Dialysis access procedures are performed by experienced vascular specialists using modern surgical and endovascular techniques. These procedures are tailored to each patient’s vein quality, medical condition, and long-term dialysis needs, ensuring optimal outcomes and long-lasting access.
Dialysis access creation refers to the surgical formation of a reliable connection that allows blood to be removed, filtered, and returned to the body during hemodialysis. The most commonly used access types include arteriovenous (AV) fistula, AV graft, and tunneled dialysis catheters. Among these, AV fistulas are considered the gold standard due to their longevity and lower infection risk.
Choosing the correct access type depends on multiple factors such as vein size, overall health, urgency of dialysis, and previous access history. Early planning and timely creation are essential to avoid emergency catheter placement and related complications.

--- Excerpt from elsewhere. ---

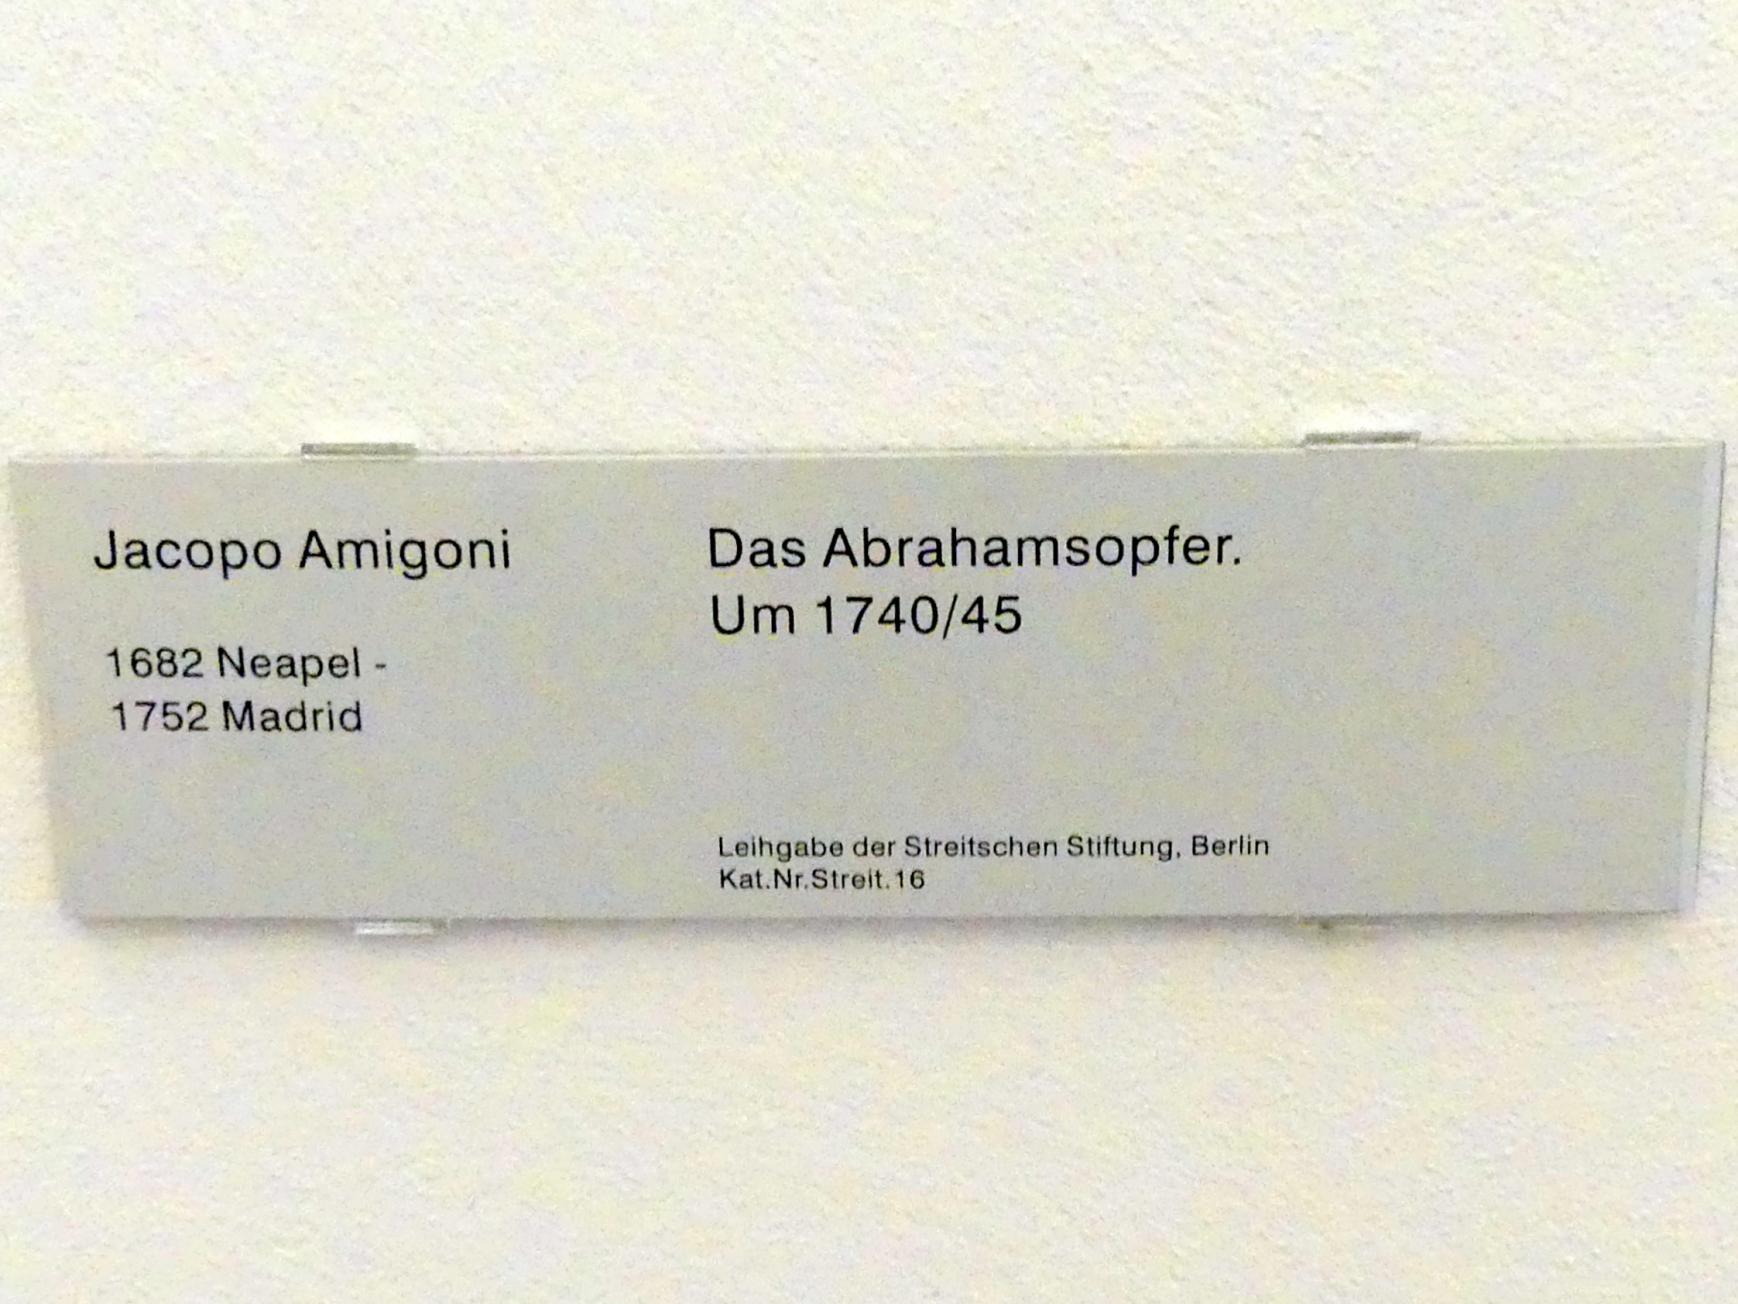 Jacopo Amigoni: Das Abrahamsopfer, um 1740 - 1745, Bild 2/2

At a specialised vascular clinic, dialysis access procedures are carefully selected to match individual patient needs. Common options include:
Choosing Dialysis Access Creation in Btm Layout under expert vascular care offers several important benefits:
Before dialysis access creation, patients undergo a detailed evaluation including clinical examination and vascular imaging such as colour Doppler ultrasound. This helps identify suitable arteries and veins, ensuring the best possible access outcome.
Individualised planning allows surgeons to choose the safest location and technique while minimising complications. Early referral for access creation significantly improves long-term success and reduces dependency on temporary catheters.
After the procedure, patients receive clear guidance on access care, including hygiene practices, arm exercises, and signs of possible complications. Regular monitoring helps detect early narrowing or blockages, allowing timely intervention.
With expert follow-up and patient education, Dialysis Access Creation in Btm Layout ensures reliable access that supports consistent dialysis and long-term kidney care.
If you or a loved one is preparing for dialysis, consulting an experienced vascular specialist early can make a significant difference. Advanced techniques, careful planning, and dedicated aftercare help ensure safe, durable, and effective dialysis access.
An arteriovenous (AV) fistula is considered the best dialysis access because it lasts longer, has better blood flow, and carries a lower risk of infection compared to other access types.
Dialysis access should ideally be created several months before dialysis is required, allowing time for proper healing and maturation of the access.
Dialysis access creation is usually performed under local or regional anesthesia, and most patients experience minimal discomfort during and after the procedure.
With proper care and regular monitoring, a dialysis fistula can function effectively for many years without the need for replacement.
Warning signs include reduced blood flow, swelling, pain, redness, prolonged bleeding after dialysis, or absence of vibration over the access site. Immediate medical evaluation is recommended if these occur.